PKSHAは自社が提供するAI SaaSを「人と話し言葉で対話をし、人と共に進化するソフトウエア」と定義。例えば、企業の問い合わせセンターに連絡をするにも「キーボードで入力しなくても電話で困りごとを話せばAIが自動的に回答。そこでも対応できないものは人が解決する」という使い方だ。
AIはデータの量が競争力の源。PKSHAの対話エンジン『BEDORE』は2億回の会話を実現、既に100社以上にサービスを導入している。
さらに、PKSHAの関連会社「MNTSQ(モンテスキュー)」が長島・大野・常松法律事務所と提携して契約書の解析アルゴリズムを開発、契約データベースシステムとしてトヨタや三菱商事、コマツなどが活用するなど、会話に加え、文字ベースの様々な日本語データを解析。
この強みを活かし、「日本語データのハブになることで(GAFAなどの)グローバルプレイヤーに対抗していく」。
日本のDXにも注力する。
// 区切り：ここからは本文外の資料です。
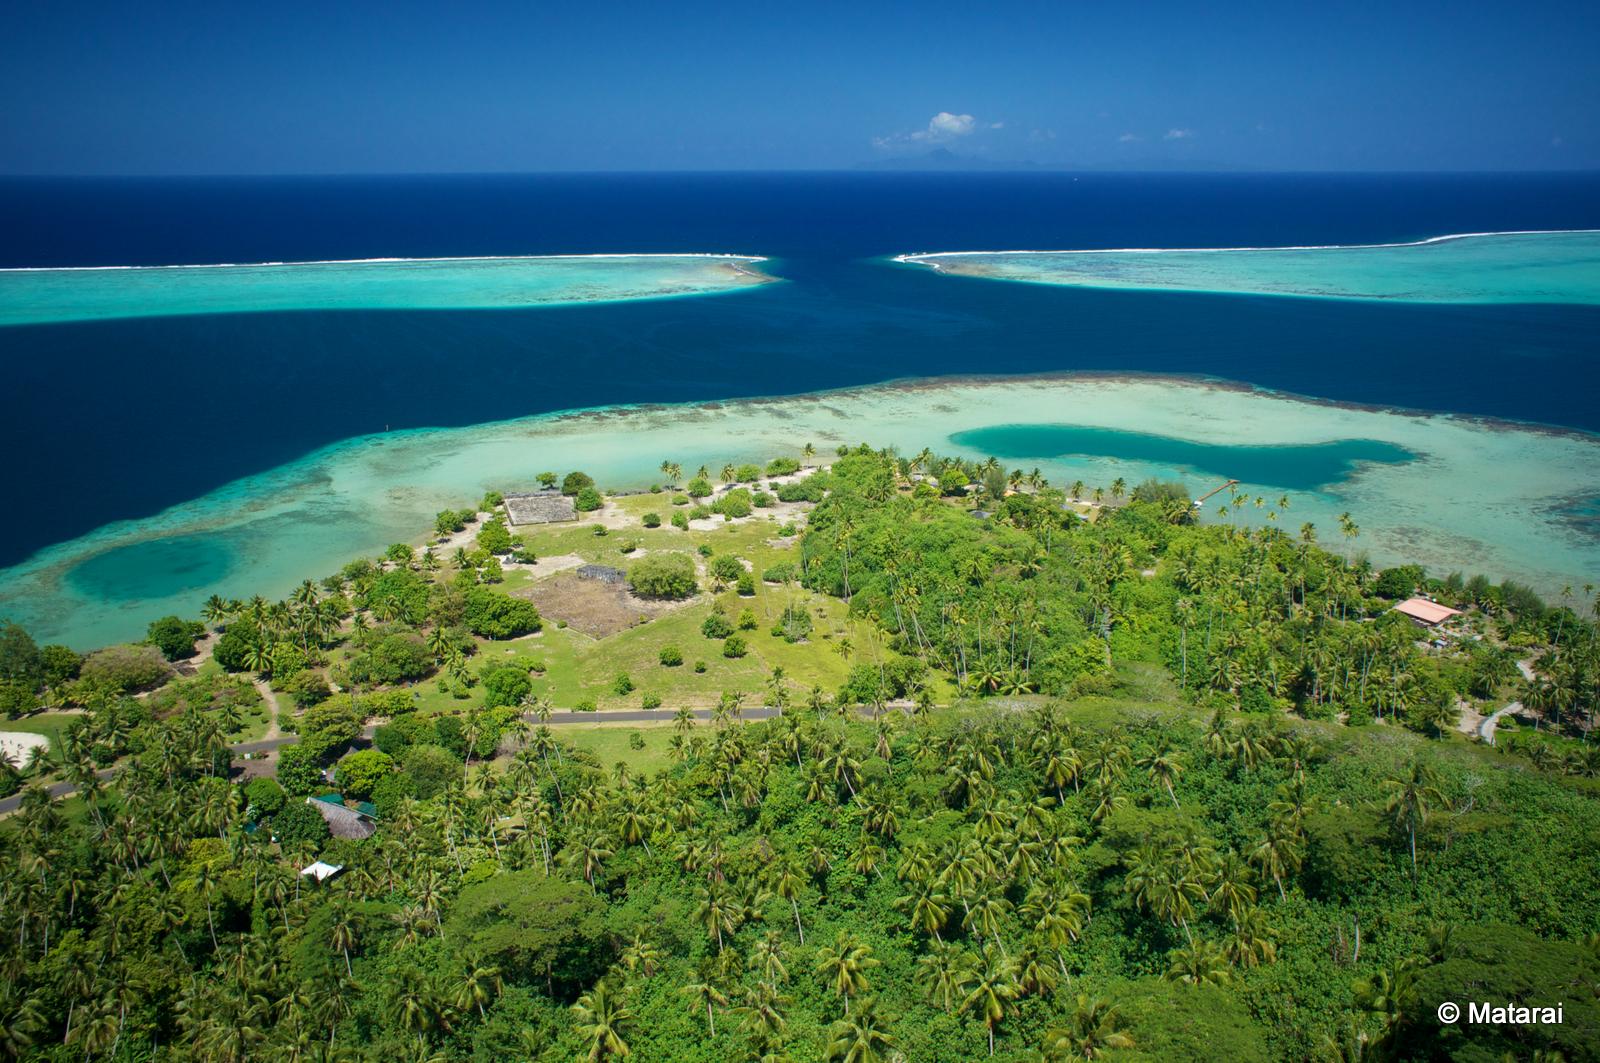 Taputapuātea forme un paysage culturel composé d'une partie terrestre et d'une partie marine.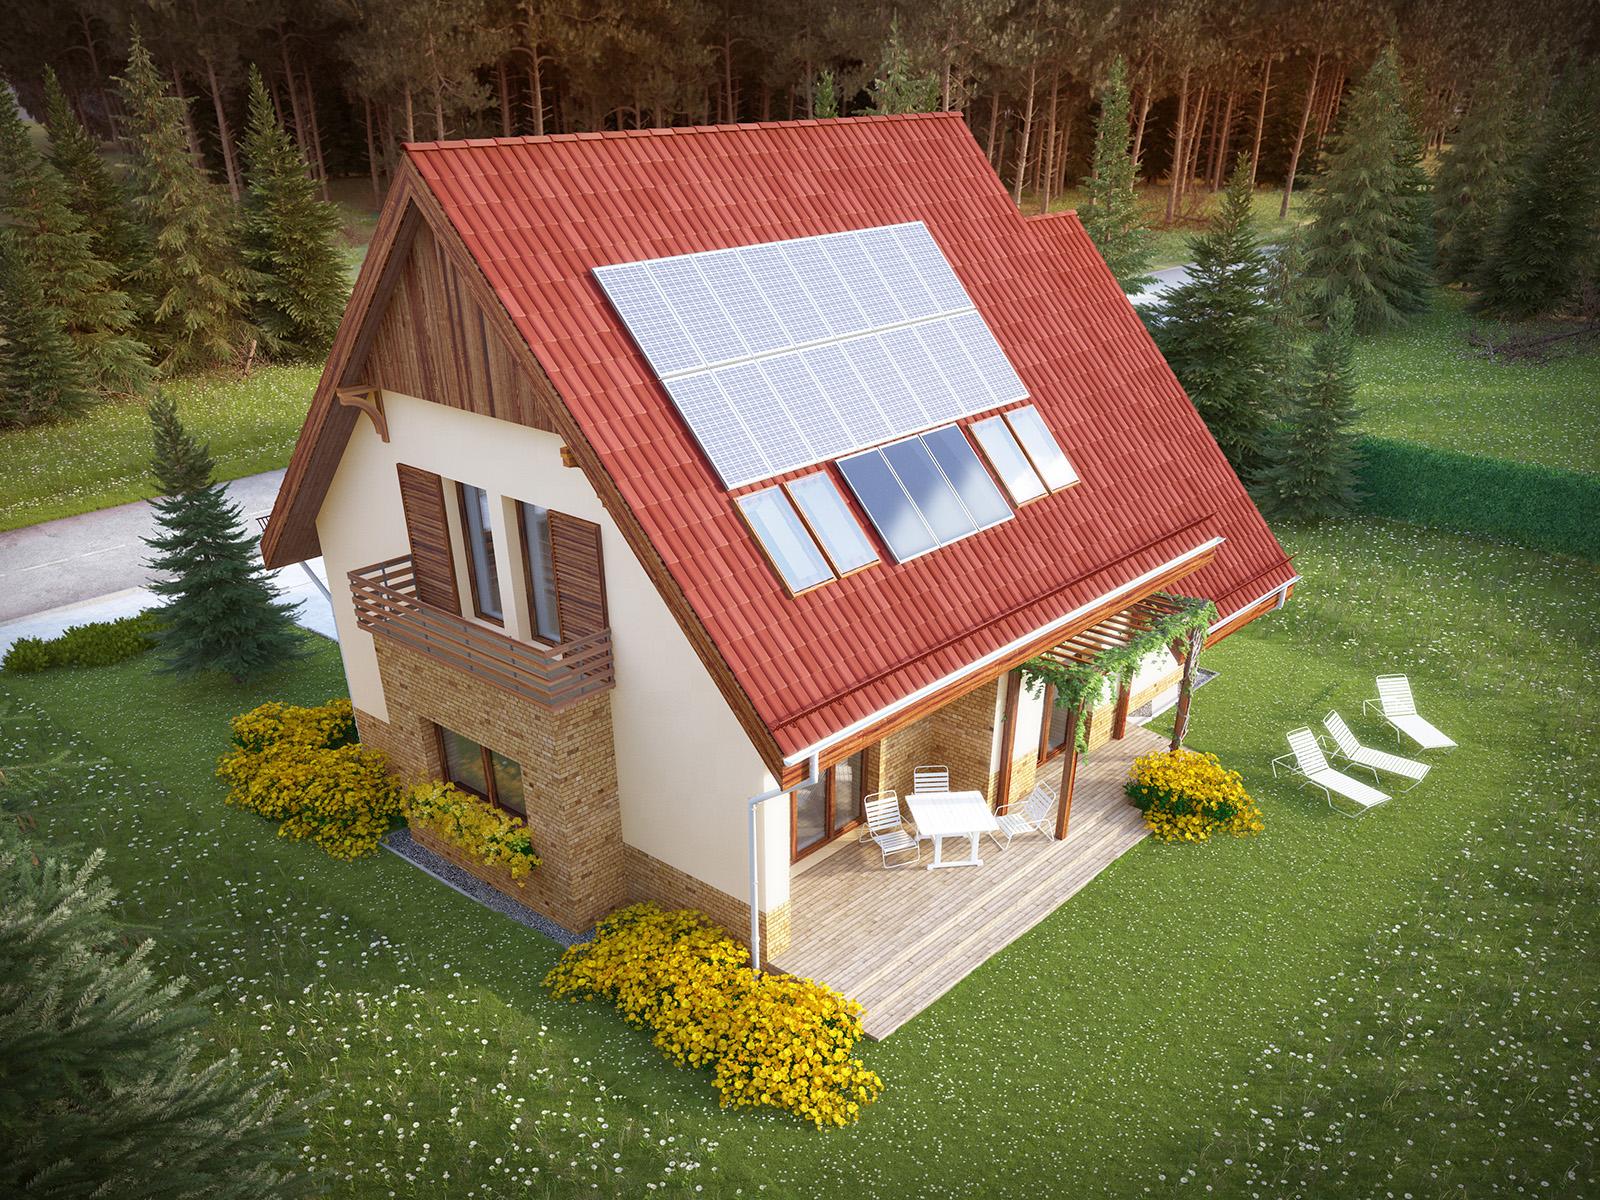 Projekt domu SPOKOJNY Domy Czystej Energii widok od boku i od ogrodu

その1つが今年5月にスタートした問い合わせ業務の知見を地銀間で相互共有する『地銀FAQプラットフォーム』。
全国に点在するFAQを集約し、日本語AIエンジンで解析、PKSHAのAI SaaSを通じて各地銀が利用できるサービスだ。
元データは京都銀行が提供。
「競争はあるが、システムなど共創領域は共にやっていきたい」とPKSHAと業務提携、プラットフォームを提供する。
この取り組みに参画する十六銀行は「地域差やサービス、事務要領による違いはあると思うが、共通部分も多い。連携可能な部分は一緒に取り組み、共通化することで地銀全体の活性化に貢献したい」と語る。
業界で共有できるプラットフォームの展開を視野に入れるPKSHAだが、すでにクレジットカード分野で実績を出している。
AIが最新のカード不正手口を学習し、不正使用を抑制するサービスで、サービス導入後、クレディセゾンのカード不正利用は業界平均値を大幅に下回る水準になった。
「ソフトウエアを個別に作るのではなく、共通で使う。SaaSというクラウドで知恵を共有し、社会実装していくべき」
AI技術の汎用化も進む中、日本のDXが遅れた要因とも言えるシステム業界の商習慣を変え、AIの社会インフラ化を進めていく。